I think that this is most likely due to differences in LD (our simulations use African LD data). Maybe try simulations using the T1D LD data (check out post from 27th March where I did this for a few regions).
Chris also suggested that it is due to differences in MAF.

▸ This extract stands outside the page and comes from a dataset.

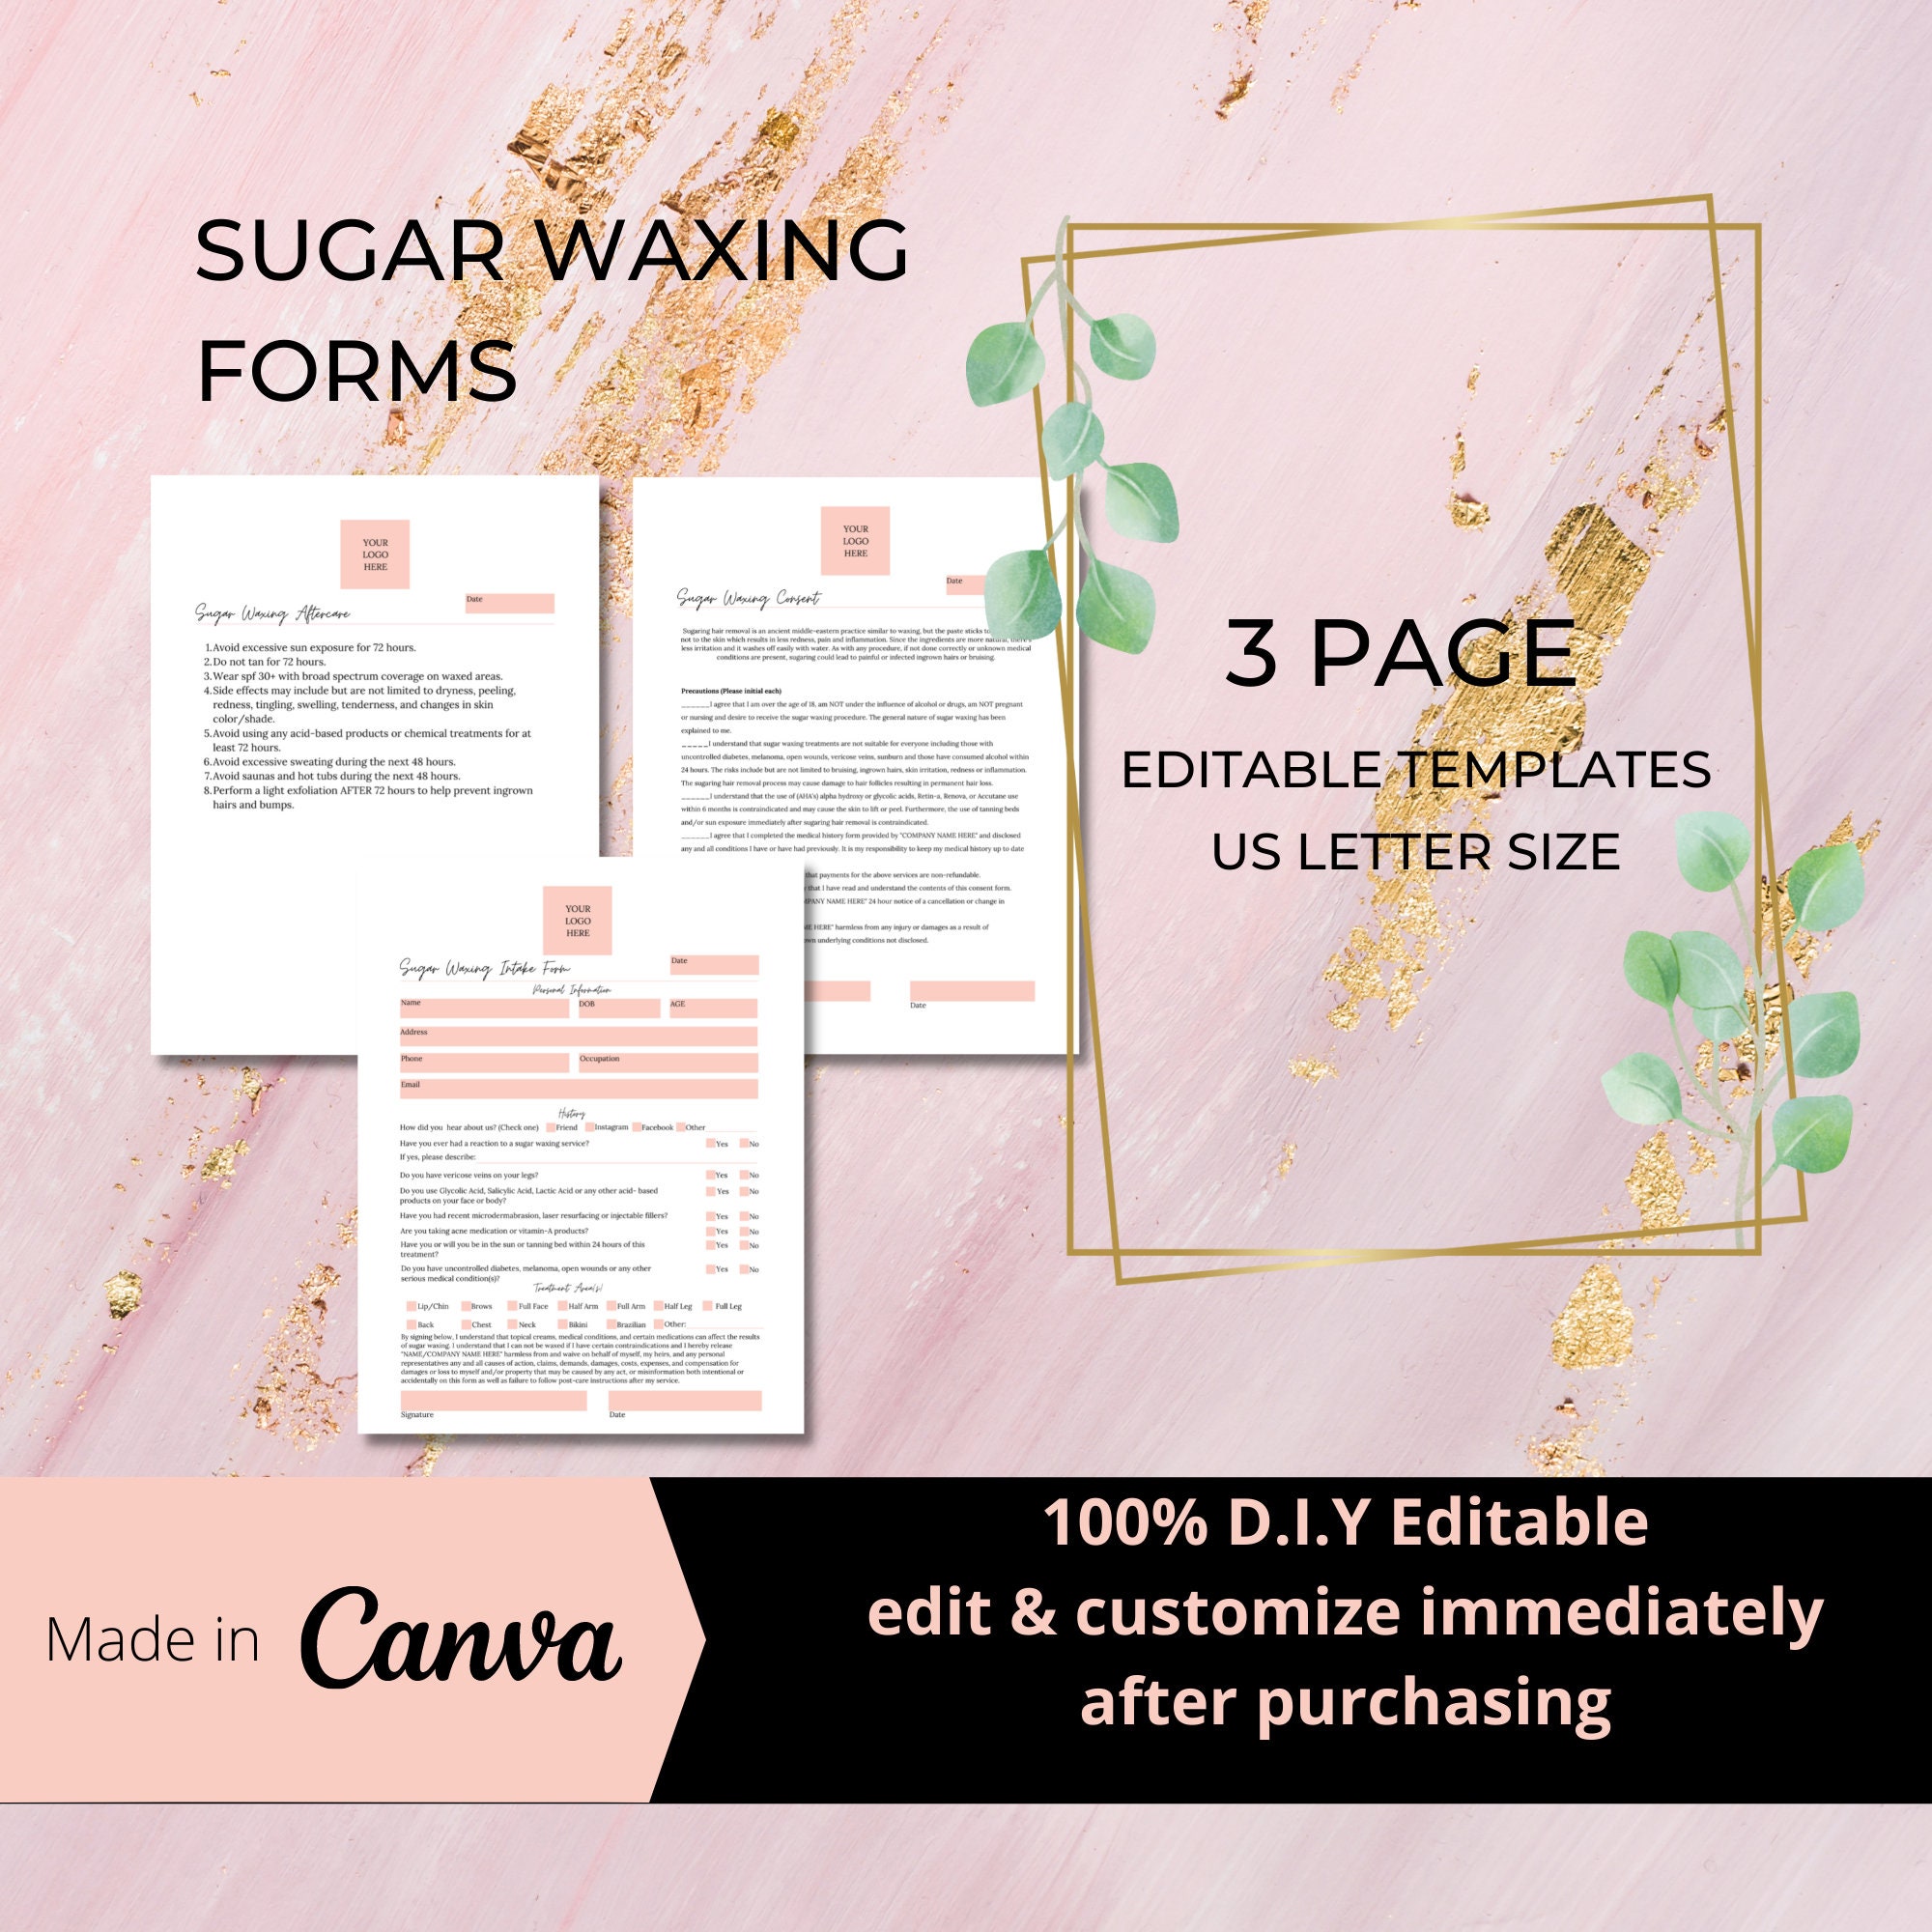 Sugaring Intake Forms Clients to Sign Before waxing: Intake  Consent  and Aftercare (75 Pack 25 of Each Form) 8.5 x 11” After Your Wax Appointment - 5

## Index_SNP topSNP_maf High_LD Mid_LD Low_LD Lowest_LD Total
## 1 rs2476601 0.09568158 2 2 9 164 177
## 2 rs1538171 0.44785858 103 9 79 101 292
## 3 rs62447205 0.48428046 13 6 5 35 59
## 4 rs10277986 0.04811343 29 12 10 118 169
## 5 rs6476839 0.49667853 7 0 2 7 16
## 6 rs61839660 0.10284698 16 12 0 34 62
## 7 rs12416116 0.28896797 6 2 11 21 40
## 8 rs917911 0.36008304 4 0 1 76 81
## 9 rs705705 0.34870608 13 0 0 0 13
## 10 rs653178 0.48629893 3 0 0 2 5
## 11 rs9585056 0.24857651 1 2 8 12 23
## 12 rs3024505 0.16087318 4 2 2 58 66
## 13 rs1456988 0.27752076 23 1 12 12 48
## 14 rs56994090 0.41436202 3 0 0 9 12
## 15 rs72727394 0.20011862 17 12 1 23 53
## 16 rs34593439 0.10505398 4 0 1 103 108
## 17 rs151234 0.12838319 10 1 1 7 19
## 18 rs12927355 0.31931427 26 1 12 41 80
## 19 rs193778 0.24475027 5 30 5 67 107
## 20 rs8056814 0.08007117 23 6 0 72 101
## 21 rs12453507 0.32666983 3 13 8 53 77
## 22 rs757411 0.36854906 12 17 0 5 34
## 23 rs13415583 0.39198007 3 2 30 103 138
## 24 rs1893217 0.16927639 11 25 2 59 97
## 25 rs1615504 0.47354686 26 3 2 1 32
## 26 rs402072 0.16603393 11 3 0 12 26
## 27 rs516246 0.49590699 17 4 1 8 30
## 28 rs6043409 0.15705471 1 3 17 59 80
## 29 rs11203202 0.33558719 5 7 4 12 28
## 30 rs6518350 0.18475682 9 0 6 14 29
## 31 rs4820830 0.38903394 62 13 0 18 93
## 32 rs229533 0.43300071 5 0 3 30 38
## 33 rs2111485 0.39074733 2 2 42 1 47
## 34 rs3087243 0.45438368 39 0 0 46 85
## 35 rs113010081 0.11731910 52 5 0 377 434
## 36 rs75793288 0.36251483 22 18 0 50 90
## 37 rs11954020 0.40226679 13 0 24 32 69
## 38 rs72928038 0.17580071 2 3 0 10 15
## 39 rs2476601 0.09568158 2 2 9 164 177
Comments and Next Steps
Have updated the
corrcoverage
R package to include functions to implement the matching nvar method above (with a cautionary note) and to obtain a confidence interval for the coverage estimate (https://annahutch.github.io/corrcoverage/articles/Useful-Info.html) –> discuss averaging the estimates.Came across Lindley’s paradox on ATPS, where we saw an example of how using a high diffuse prior distribution (large \(\sigma^2\)) led to a BF in favour of a simpler model being made arbitrarily large by increasing \(\sigma\) (irrespective of whatever the data tells us). Was used to emphasis the importance of specifying prior dispersion parameters to compare models. Does our choice of \(W\) link to this? (slide 45 of APTS notes).
Get a similar table as above (high, mid, low LD) for the simulations to compare.